Vendredi matin, je me suis levé assez tôt pour faire la route de Rēzekne à Tartu. Il y avait du monde pour prendre son petit-déjeuner à l'hôtel et très vite toutes les tables ont été occupées. Un monsieur de peut-être soixante-dix ans ou pas loin, au teint buriné, une triple boucle à l'oreille droite et affichant un grand sourire m'a demandé en anglais s'il pouvait s'installer en face de moi.
Nous avons immédiatement entrepris une conversation pour réaliser très vite que nous étions deux Français face à face. Ce monsieur est originaire de Lorient en Bretagne et fait également le tour des Pays Baltes en solo en conduisant sa voiture camionnette. Il n'a pas de circuit pré-établi et habituellement dort sous la tente.
Cette rencontre quasi improbable, de bon matin à Rēzekne, m'a bien intéressé. Cette autre approche du voyage au jour le jour m'a peut-être conduit à prendre un peu de distance avec le programme assez précis que j'ai établi pour chaque étape. Ces trois derniers jours je me suis donné davantage de temps pour simplement aller où le regard me conduisait, sans à chaque fois avoir un but de visite.
J'ai bien pris la route comme prévu pour aller à Tartu, dite capitale universitaire et intellectuelle de l'Estonie et des Pays Baltes. Après m'être bien promené en Latgale lettone, région assez pauvre, très rurale, russophone et plutôt catholique, j'avais très envie de retrouver cette ville vivante et jeune où je suis déjà allé l'an dernier.

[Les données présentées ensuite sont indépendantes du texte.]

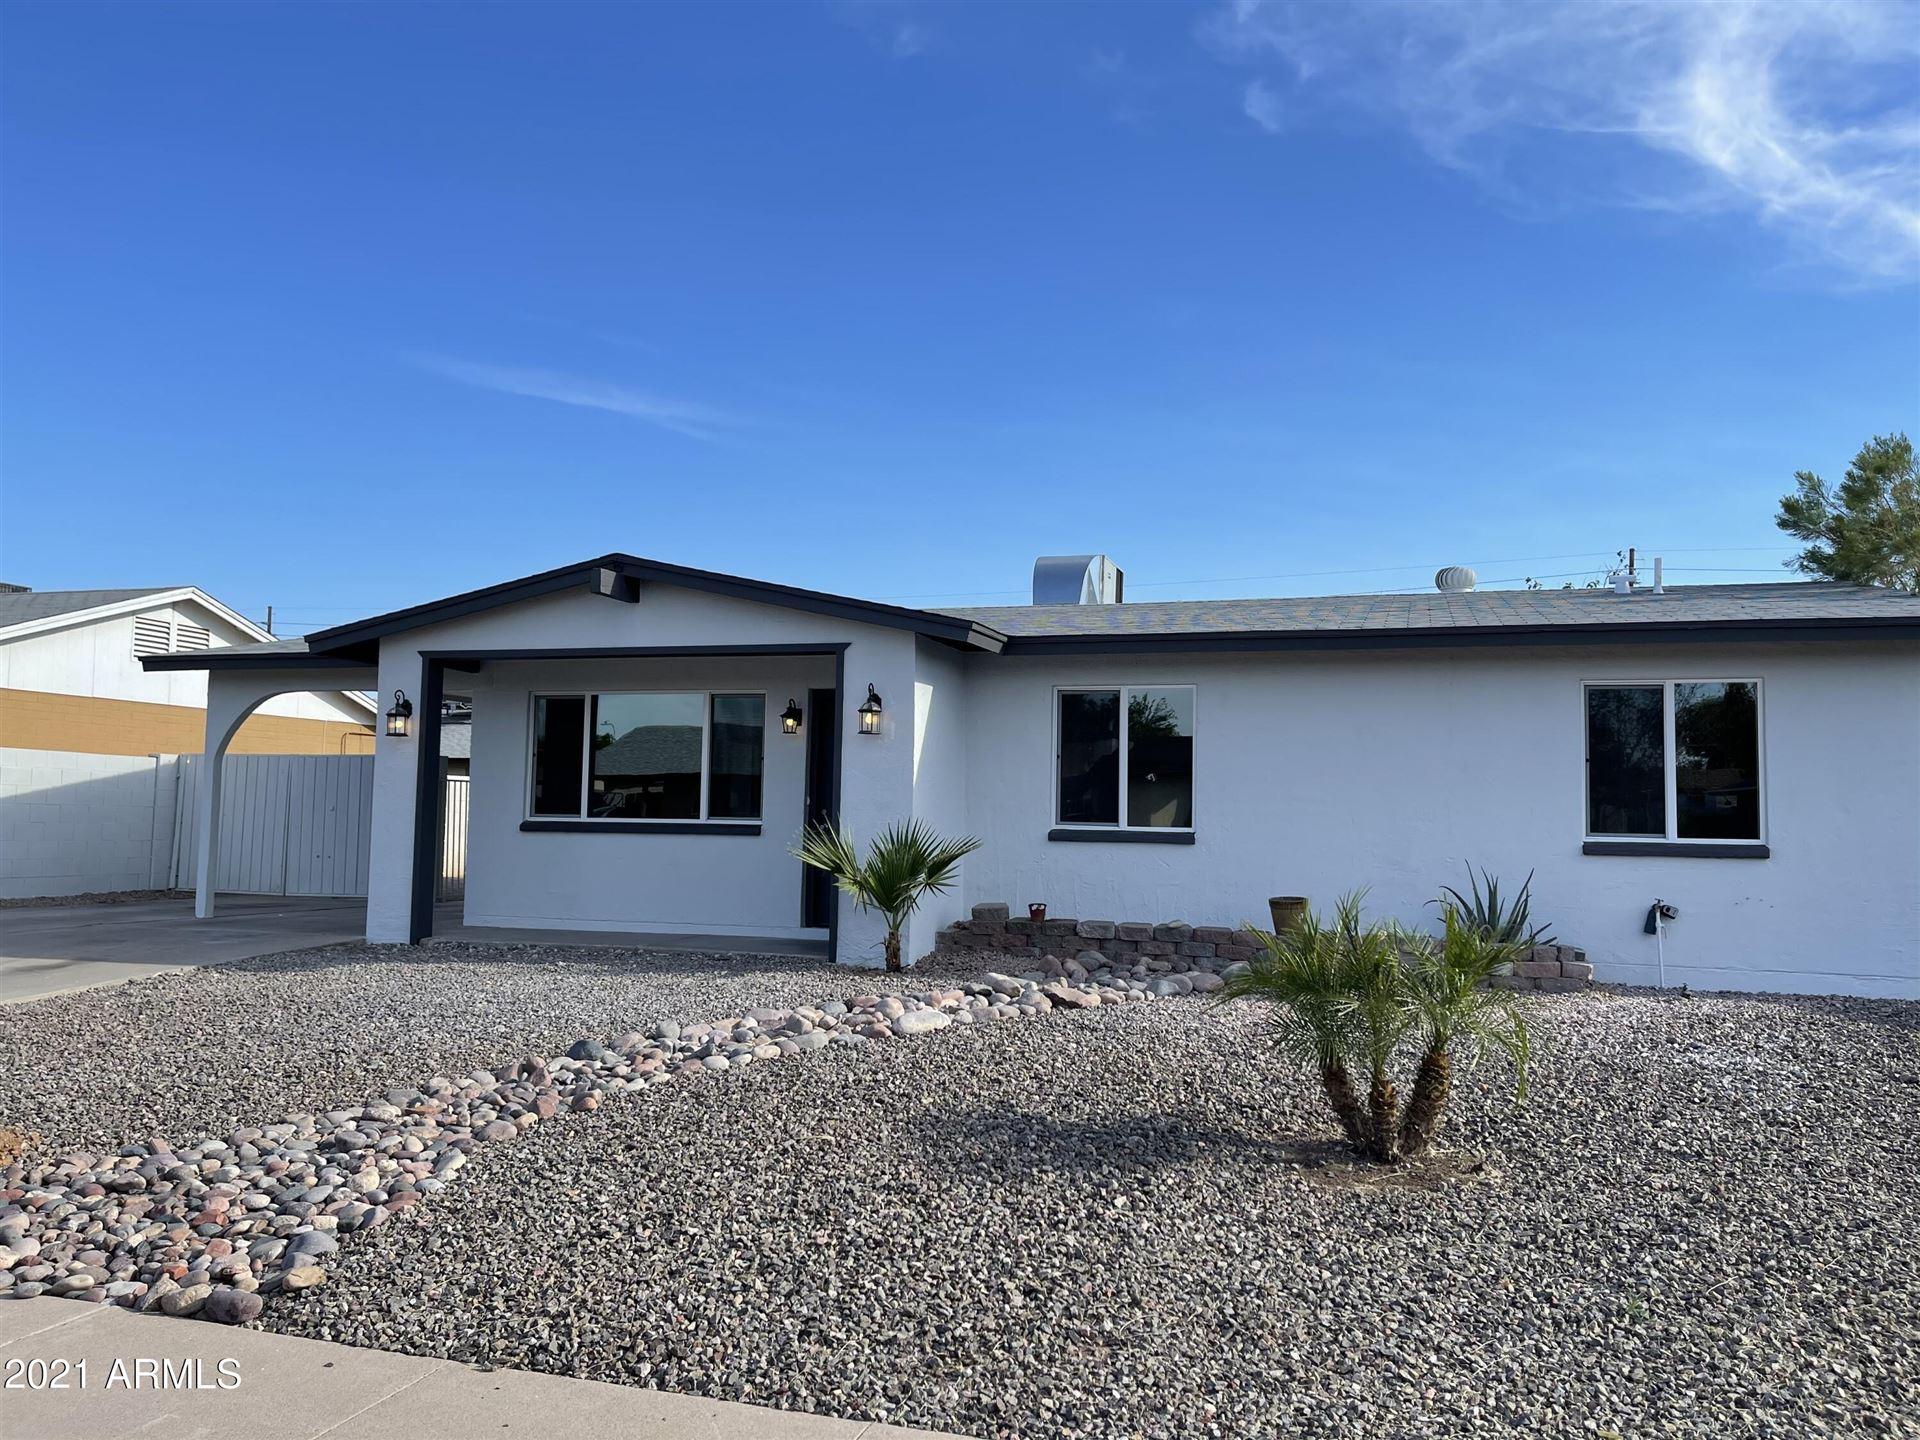 Photo of 4635 W EVA Street, Glendale, AZ 85302 (MLS # 6296121)

Je me suis arrêté dans cette ancienne ville allemande nommée jusqu'en 1920 Walk. Il se trouve qu'aujourd'hui la frontière entre la Lettonie et l'Estonie passe au travers de cette ville. Le dessin de coupure territoriale avait alors donné lieu à un compromis, réactivé en 1991 lorsque les deux pays ont quitté l'URSS et repris leur indépendance. Cette ville se partage donc maintenant entre Valka (lettone) et Valga (estonienne).
L'année dernière lors de ma première venue à Tartu j'avais rencontré longuement Indrek qui enseigne à l'université. Vendredi en fin d'après-midi nous nous sommes retrouvés dans une église luthérienne à l'occasion de l'opération Nuit des Églises où les églises de la ville laissent leurs portes ouvertes. Il était là avec sa femme Eleri et leurs trois jeunes garçons dont j'ai pu faire la connaissance. Le but était de grimper au sommet du clocher pour avoir une vue sur la ville.
J'ai été très surpris en pénétrant dans cette église car on se trouve comme face à un mur, devant une montée d'escalier sur toute la largeur et permettant d'atteindre un plateau placé à environ deux mètres de hauteur. Indrek m'a expliqué que cette configuration datait de l'époque soviétique, cette église étant alors utilisée comme centre sportif. On avait construit une structure pour rehausser le plancher et disposer d'un grand terrain de basket indoor. Depuis l'indépendance, la fonction religieuse a repris son droit de cité mais s'exerce sur cette plate-forme surélevée, en attendant que des travaux puissent être effectués pour réhabiliter la nef qui en a vraiment besoin.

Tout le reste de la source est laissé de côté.